Freigabebeschlüsse wirkungslos
Gesetzliche Übergangsregelungen nach altem Recht enden zum 31. Dezember 2011. Ohne P-Konto gibt es dann keinen Pfändungsschutz mehr. Das gilt auch für Girokonten mit gerichtlichen Freigabebeschlüssen. Diese sind ab 1. Januar 2012 wirkungslos. Wird das Konto nicht rechtzeitig vor Jahresende in ein P-Konto umgewandelt, ist auch der gesetzliche Verrechnungsschutz für Sozialleistungen wie Rente oder Arbeitslosengeld II und Kindergeld zum 1. Januar 2012 aufgehoben.

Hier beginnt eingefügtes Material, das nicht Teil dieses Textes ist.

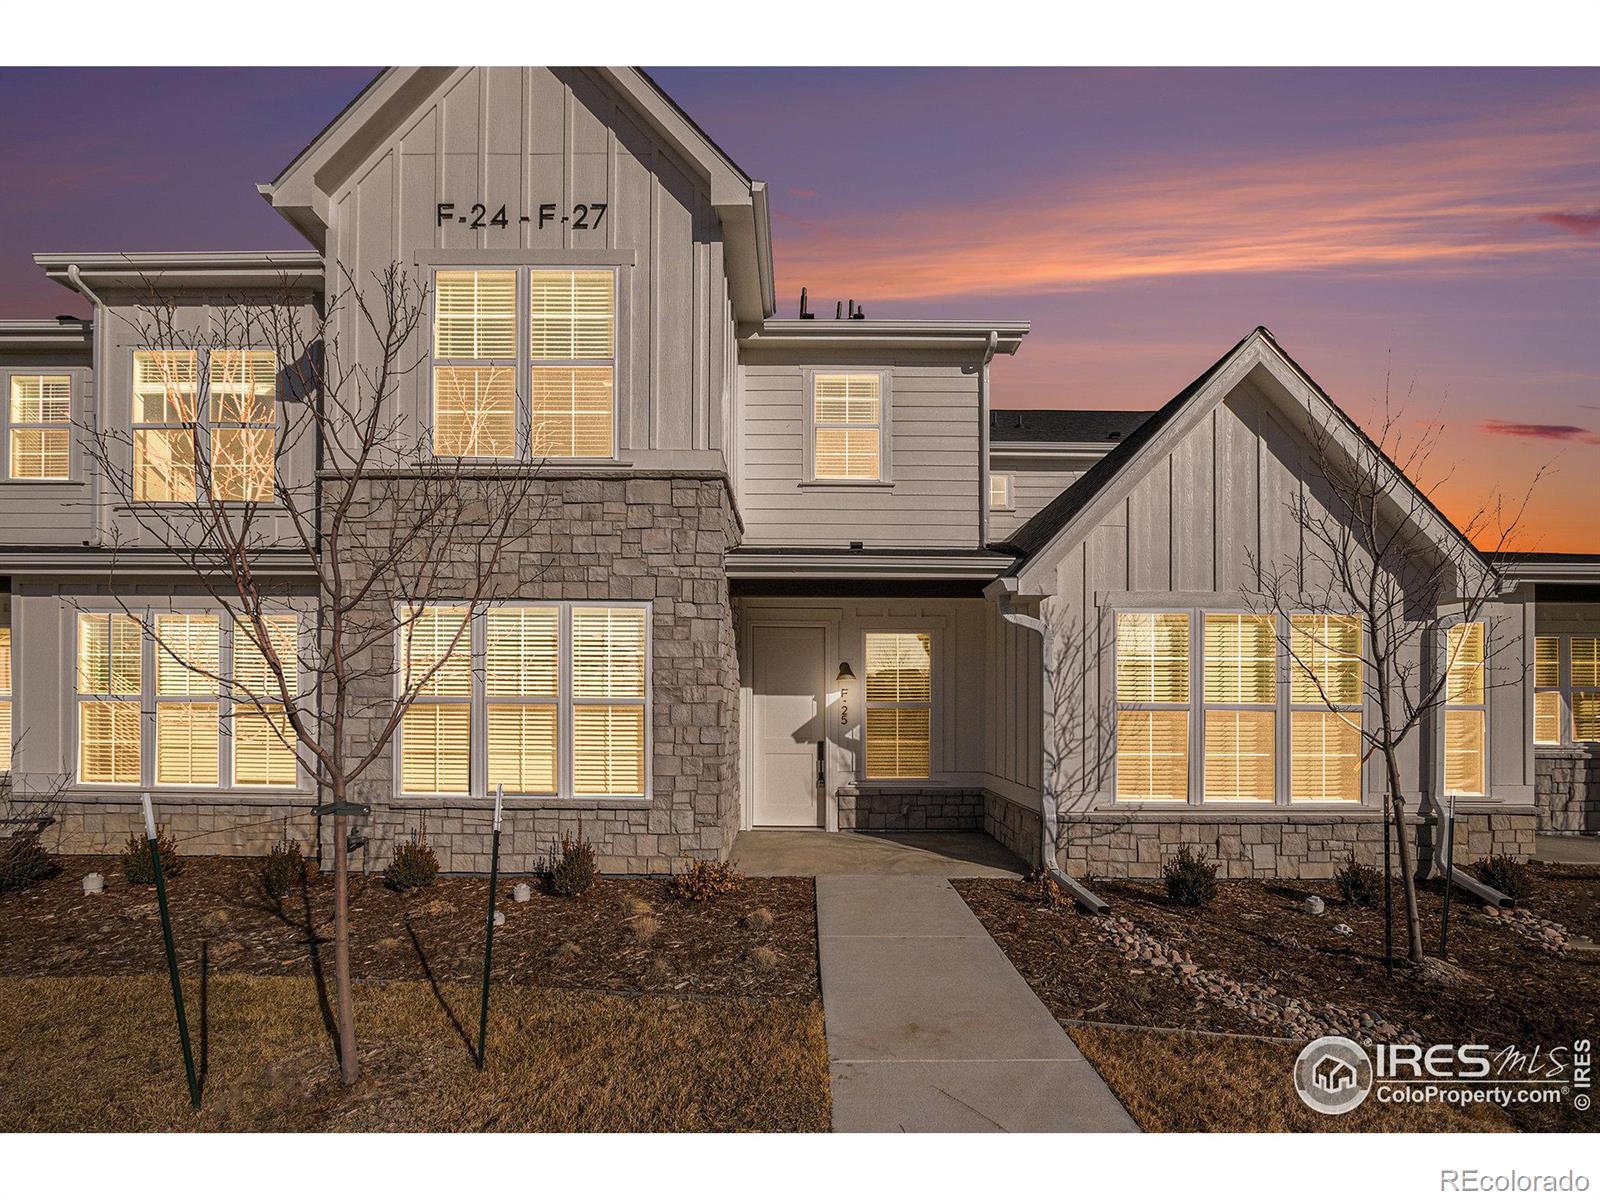 3045 E Trilby Road, fort collins MLS: 4567891006762 Beds: 3 Baths: 3 Price: $555,000

Läuft die Pfändung bereits oder steht diese kurzfristig an, muss die Umwandlung von Konten in P-Konten bei der Bank oder Sparkasse bis Ende des Jahres beantragt werden.

Erhöhung Grundfreibetrag möglich
Pro Monat sind insgesamt 1.028,89 Euro (Grundfreibetrag) auf dem P-Konto automatisch geschützt. Besteht beispielsweise eine Unterhaltspflicht für Ehegatten oder Kinder, kann dieser Grundfreibetrag auch erhöht werden. Die Bank oder Sparkasse verlangt hierzu eine Bescheinigung über die Unterhaltsverpflichtungen oder Kindergeldzahlungen.